Actual finance blog

May 28, 2009

Obama says worst over, but debt fears roil markets

Filed under: online — Tags: , , — Professor Besto @ 3:57 pm

Concerns about the debt burden facing countries trying to spend their way out of the economic downturn spooked investors on Thursday despite optimism from President Barack Obama that the U.S. economy was past the worst.

“It’s safe to say we have stepped back from the brink,” Obama told a fundraiser in Beverly Hills. “There is some calm that didn’t exist before.”

But despite increasingly upbeat comments from policymakers, global markets have focused on the extra debt governments are taking on to fund their stimulus packages, ever since Standard & Poor’s lowered its outlook for Britain’s sovereign credit ratings to negative a week ago.

That prompted scrutiny of other major economies — including the United States — where concerns about the U.S. debt mountain sent Treasury prices and stocks tumbling on Wednesday.

Asian stocks fell in turn on Thursday and European bourses were expected to open lower, taking their cue from Wall Street’s weakness.

Global markets are also watching developments in the U.S. auto industry, where General Motors Corp moved closer to filing the largest bankruptcy ever for a U.S. industrial company after a crucial bond exchange proposal failed.

GM said in a statement an offer to exchange $27 billion in bond debt for a 10 percent stake in a reorganized company by a midnight deadline had fallen far short of the 90 percent acceptance target.

GM FACES BANKRUPTCY, OPEL FUTURE UNCERTAIN

GM’s board was expected to meet this week to consider the dwindling options available, but the company is widely anticipated to follow fellow U no credit check pay day loans.S. automaker Chrysler into bankruptcy.

Chrysler faces a key court hearing on Thursday expected to clear the way for Fiat SpA, along with labor unions and the U.S. and Canadian governments, to take control of a restructured company in exchange for $2 billion paid to lenders.

The U.S. government-brokered bankruptcy for Chrysler has been seen as a test case for the more complex and larger filing expected from GM in the next few days.

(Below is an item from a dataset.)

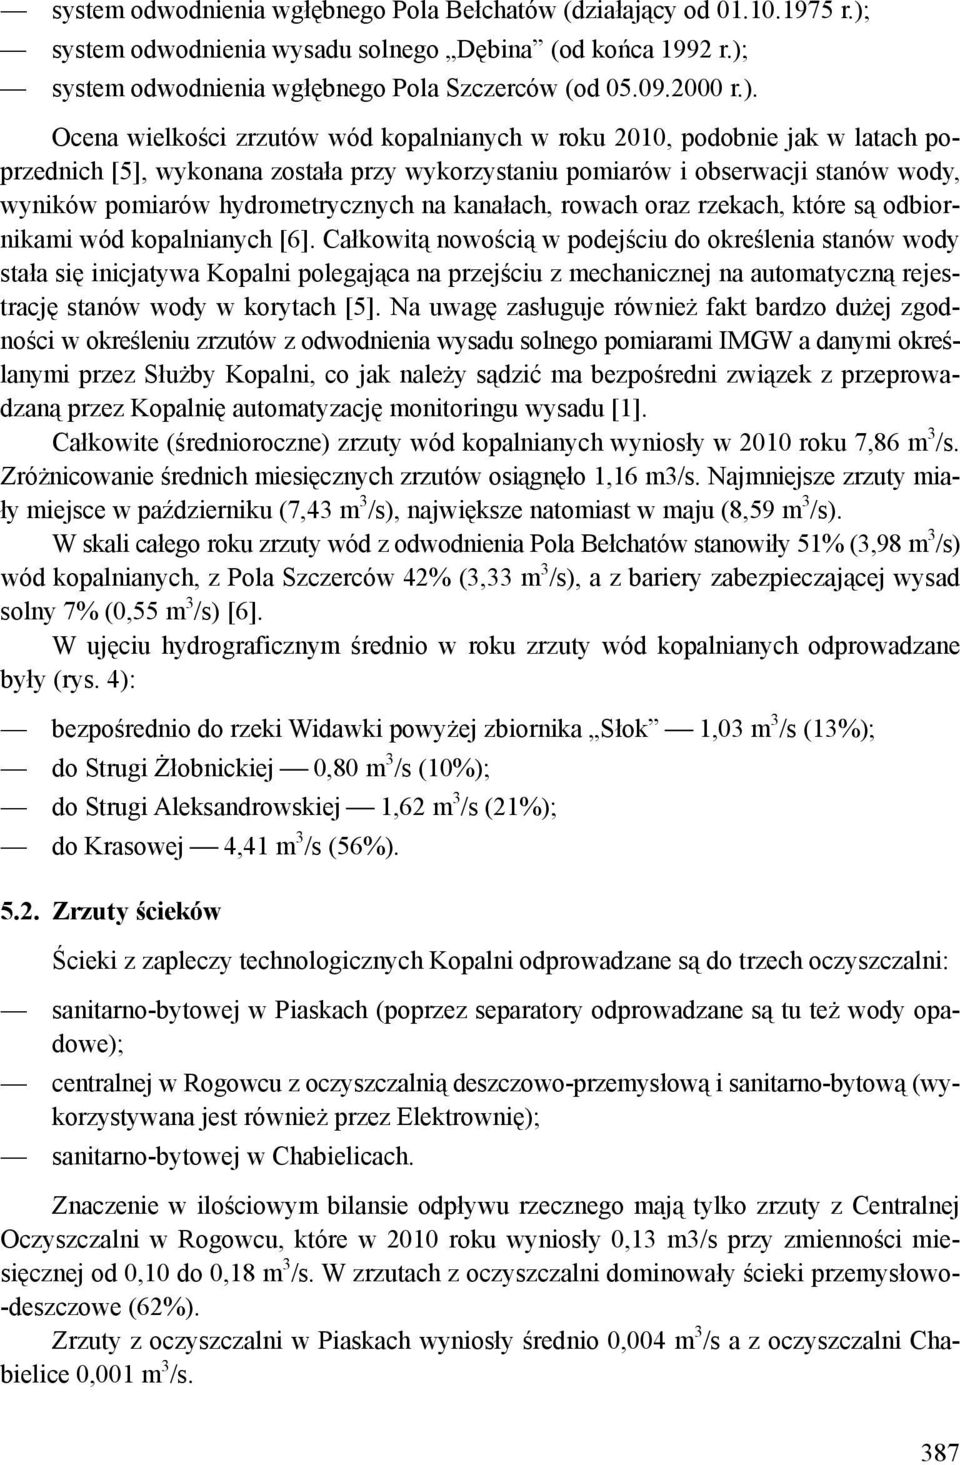 system odwodnienia wgłębnego Pola Szczerców (od 05.09.2000 r.).

In Germany, talks on shielding GM’s European brand Opel from the looming bankruptcy of its parent ended without a resolution. German Finance Minister Peer Steinbrueck said he hoped a deal could be reached on Friday, but said there was “surprise and disappointment” with the stance of U.S. negotiators.

Ministers said the battle for Opel had narrowed to a two-way race between Fiat and Canadian auto parts company Magna. But choosing a final bidder for Opel and closing a deal could take months — time neither the carmaker nor the German government have with GM’s bankruptcy looming.

To tide Opel over, Germany has put together a 1.5 billion euro ($2.1 billion) aid package. But it has made this aid contingent on the U.S. government and GM agreeing to its plan to temporarily place Opel assets in a trust, a move that would protect its patents and technology from GM creditors.

Ministers said they expected answers from the United States by Friday to allow the bailout to proceed.